Belief is making a choice to see something that others will not. So is the miraculous story of Piscine Molitor Patel’s life. Piscine, or just Pi (Suraj Sharma), is a devout young man who openly worships God as a Hindu, Catholic and Muslim. When his family attempts to move their Indian zoo from Pondicherry to Canada, Pi’s faith is radically tested as he is left to fend for himself in a lifeboat for over 200 days. The only one who will keep Pi company (and his wits about him) is a Bengal Tiger named Richard Parker. Based on the Yann Martel novel of the same name (read our review HERE), Life of Pi is a mesmerizing tale of survival and spirituality that grounds its fantastical elements in a visual poetry unlike any movie you’ve ever seen.
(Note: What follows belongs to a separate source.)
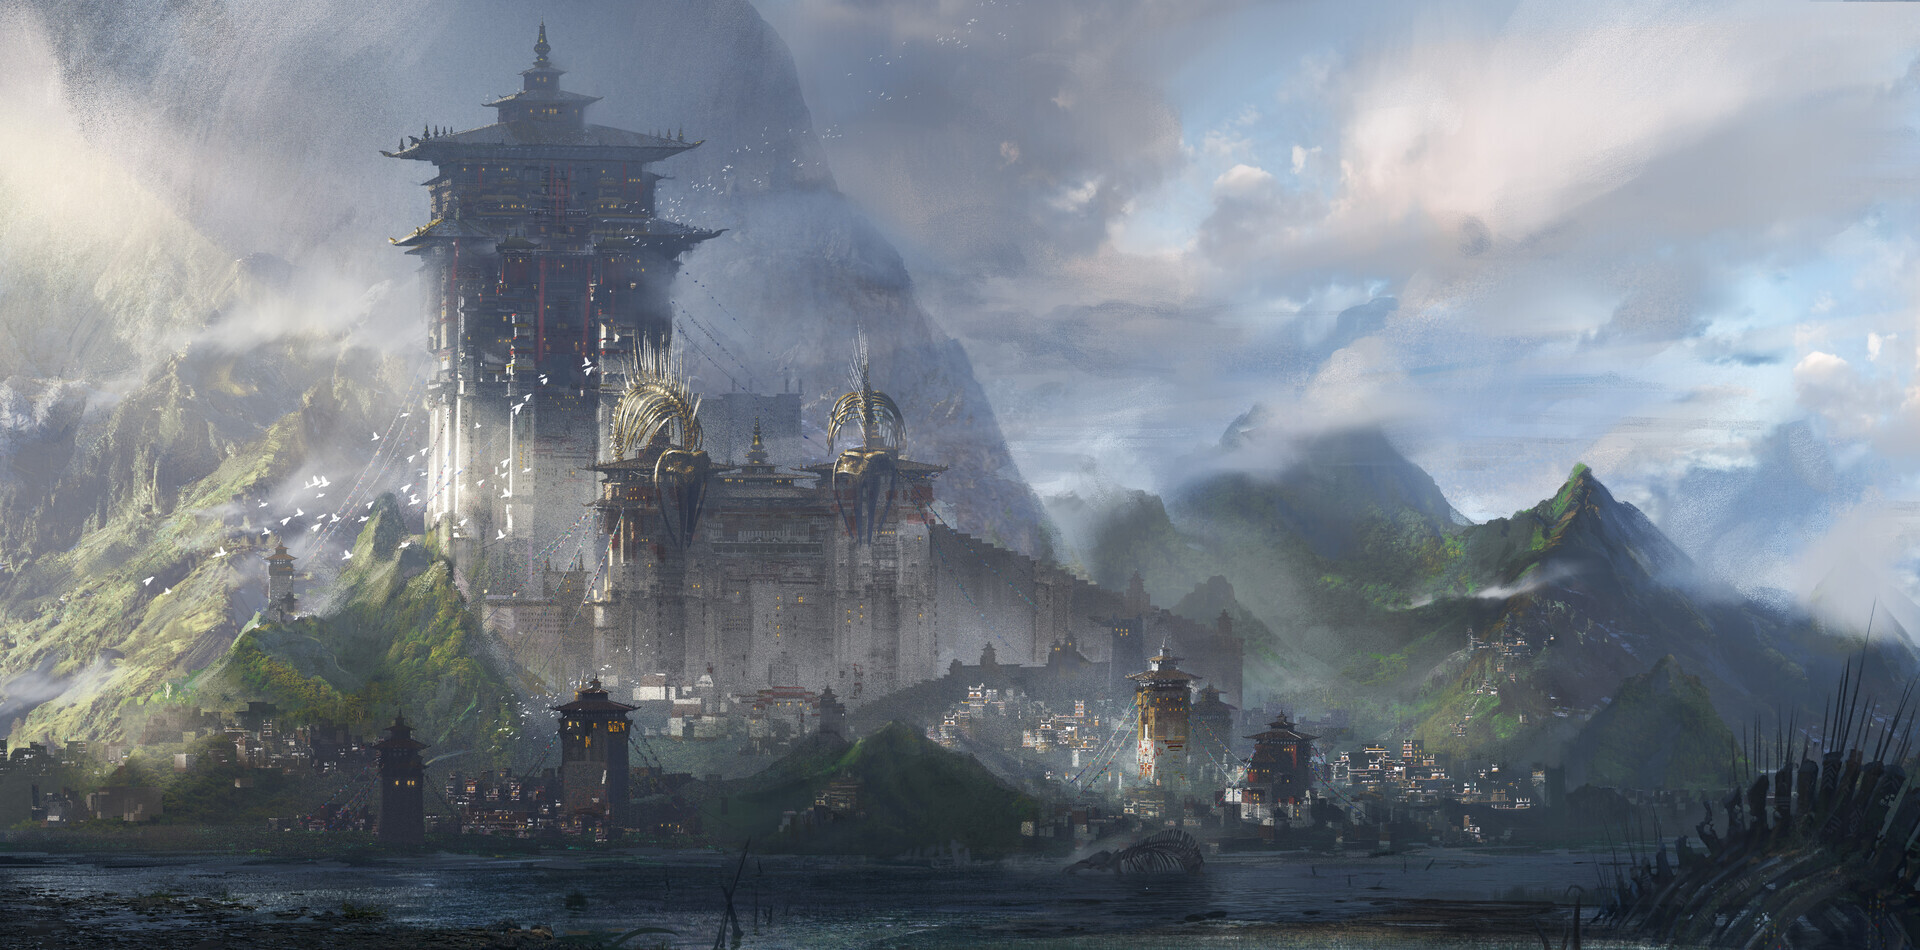 Lagoon of the old Bones – the Citadel

Many special effects are used in Life of Pi, including a huge helping of CGI and 3D, but it is all in service to a gripping narrative about what we choose to take from this life. I cannot promise you that Life of Pi will make you believe in God, but it may move you unlike any other film this year.

1.  Lincoln
Directed by Steven Spielberg
Written by Tony Kushner
Den of Geek Rating: 5 out of 5 Stars
Read Our Review HERE

Nearly 150 years after the Civil War and Abraham Lincoln’s life ended, the 16th president has been having a grand old time in pop culture. Appearing to fight vampires, zombies, Bill O’Reilly and other supernatural creatures in the media right now, it’s great to have this movie stand above the rest. It may not be the sexiest pick, but Lincoln is truly the best movie of the year. Instead of making a sweeping biopic that glosses fleetingly over every major event in Abe’s life, Spielberg and Kushner choose to zero in on his final days. Based in part on Team of Rivals by Doris Kearns Goodwin, the film depicts how Lincoln carefully and meticulously ended slavery by getting the 13th Amendment through the U.S. Congress. Political leaders of the past are not giants carved in marble, but messy flawed men who can be bought and bartered with. This is especially true for the movie’s Abraham Lincoln (Daniel Day-Lewis). Day-Lewis is a powerhouse of acting as he fully embodies yet another historical figure. The way he captures Lincoln’s little-remembered high-pitched Midwestern shrill and his backwoods folksiness remind viewers that he was not the God-ordained hero of hagiography.  In the movie, Lincoln knows that the Emancipation Proclamation only freed slaves in the rebelling states and likely would not survive a court challenge. With the war winding down, the President has to thread the needle of humoring conservative Republicans in order to ensure their votes for the amendment by promising to negotiate a peace with Southern leaders while bringing over as many lame-duck Democrats to his side as he can. The Great Uniter of history does this through the utilization of bribery, sycophancy and every other means at a great politician’s disposal. Liberal Republicans like Thaddeus Stevens, a hilariously restrained Tommy Lee Jones, think Lincoln weak when he is really playing the political game better than any man alive. After such a cynical year steeped in politics, Lincoln’s ability to remind us of the virtues in that ugly art is its most impressive of achievements.